Practice Book § 8-1, formerly Practice Book, 1978-97, § 49, provides in relevant part: “(a) Mesne process in civil actions shall be a writ of summons or attachment . . . and shall be accompanied by the plaintiffs complaint. Such writ . . . shall be signed by a commissioner of the superior court or a judge or clerk of the court to which it is returnable. . . . Any person proceeding without the assistance of counsel shall sign the complaint and present the complaint and proposed writ of summons to the clerk; the clerk shall review the proposed writ of summons and, unless it is defective as to form or does not contain a bond for prosecution pursuant to Section 8-3, shall sign it. . . .”
For the reasons discussed in the text of this opinion, we further conclude that a trial court is without discretion to refuse to allow an untimely writ of error under Practice Book § 72-3. See, e.g., Banks v. Thomas, supra, 241 Conn. 587 n.19 (“we possess the authority to determine whether the provisions of our Practice Book are directory or mandatory”).
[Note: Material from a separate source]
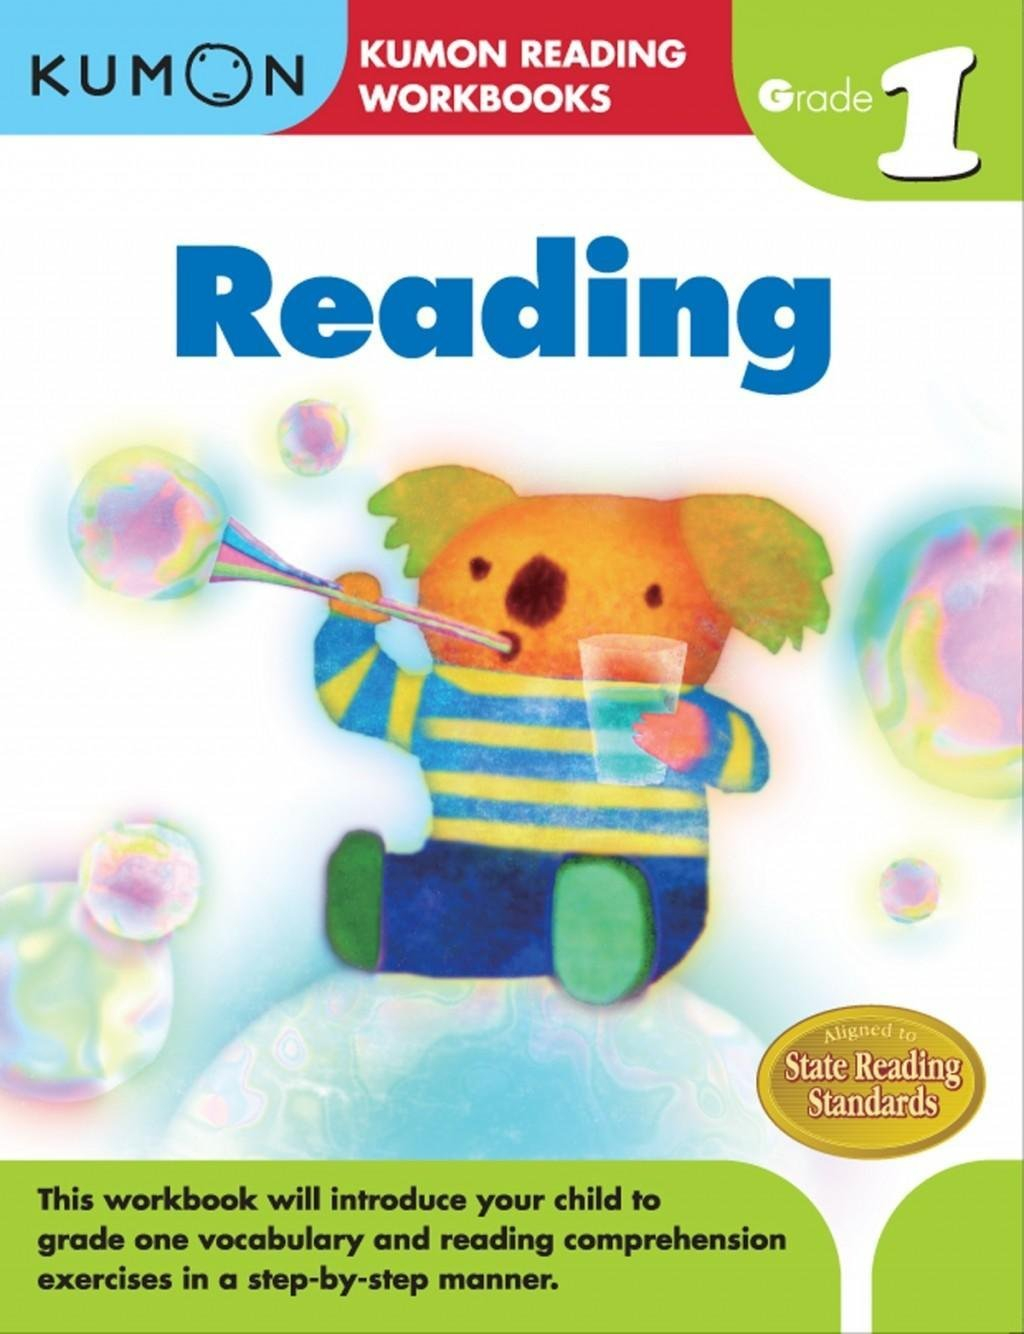 Kumon Reading Worksheets Free Download

Notwithstanding the mandatory nature of allowing and signing an untimely writ of error, a defendant in error may file a motion to dismiss the writ for lack of timeliness pursuant to Practice Book § 66-8. Section 66-8 provides in relevant part: “Any claim that an appeal or writ of error should be dismissed, whether based on lack of jurisdiction, failure to file papers within the time allowed or other defect, shall be made by a motion to dismiss the appeal or writ. Any such motion must be filed in accordance with Sections 66-2 and 66-3 within ten days after the filing of the appeal or the return day of the writ, or if the ground alleged subsequently occurs, within ten days after it has arisen . . . .” We note, however, that “even if such a timely motion to dismiss is filed, the court retains the discretion to deny the motion and to hear the appeal.” Kelley v. Bonney, 221 Conn. 549, 559 n.4, 606 A.2d 693 (1992); cf. LaReau v. Reincke, 158 Conn. 486, 495, 264
Practice Book § 72-2 provides: “The writ [of error] shall contain in numbered paragraphs the facts upon which the petitioner relies, a statement of the relief claimed, and the necessary security for costs.”